Congress has created a tax system that nobody can work with. It is uncertain and does not allow for any solid planning. A good example of that was the 1986 tax act which changed the tax breaks on real estate so sharply that it triggered a collapse in real estate. I think things would change overnight if the members had to fill out their own tax returns without any help!
Ooo!!! I like that idea!
All Congresspersons and Senators MUST complete their own tax return without any outside help.
I’ll add my own idea. All those returns MUST be audited by the IRS. All penalties and interest are doubled.
Oxnate, THAT is fabulous! 🙂
No withholding, either — they have to file quarterly and pay cash!
Urb
Thanks for the post. According to IRS stats, in 2004 66% of corporate filings were S corporation filings that are not required to pay any tax at all. That alone makes the Dorgan/Levin interpretation of the GAO study specious.

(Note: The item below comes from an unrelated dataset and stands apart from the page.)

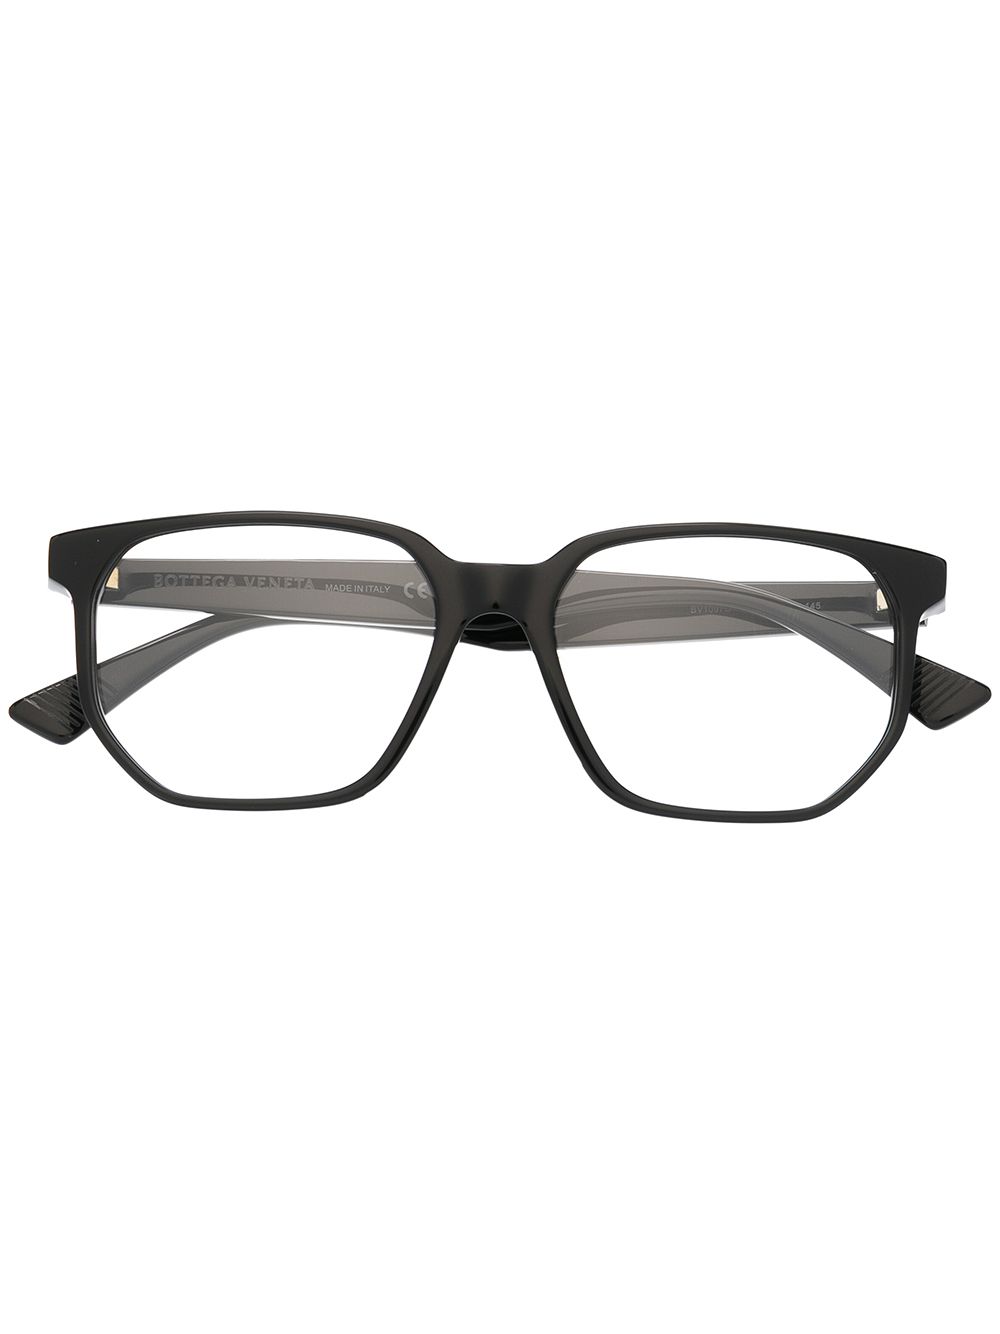 фото Bottega veneta eyewear массивные очки в d-образной оправе

And recently the OECD reported that the US had the second highest tax rate (39.25%) if its 30 member nations. The US rate, by the way, was 13 points higher than the average rate of the OECD nations.
Lefties are again using corporations (the job creators) as scapegoats.
There’s just something about making the cooks eat what they are serving up…….
YOu do get to take the mileage as a 1099 if you are subcontracting as a business expense. Also, if you are subcontract thru acompany and they have control of where you go to your job each day – and not you – you get to take the mileage as a 1099. Its all in the language of the contract…never write your own contract or negotiate it until you understand the Federal and State Tax laws – an accountant should be able to advise you on what you can deduct -before you sign up to do the contracting job…
What is misleading is the idea that businesses pay taxes at all. They are merely tax collectors and taxes are a fixed cost to business they pass on to consumers. If they get too high, they move to other countries. Businesses should not be in the tax collecting busy and government should do its dirty work itself through a sales tax alone, which will also do the least harm to an economy. I recommend the work of Kevin Price at http://www.BizPlusBlog.com.
I just wish small business owners would learn to arrange their affairs so that they minimize their taxes also. Did you see the story about Google saving $3.1billion in taxes by sending their income to the Netherlands and Bermuda? I can’t blame them because who wants to pay taxes anyway? But I think the problem is small business owners don’t understand there are ways they can be just as savvy as Google and come out ahead too.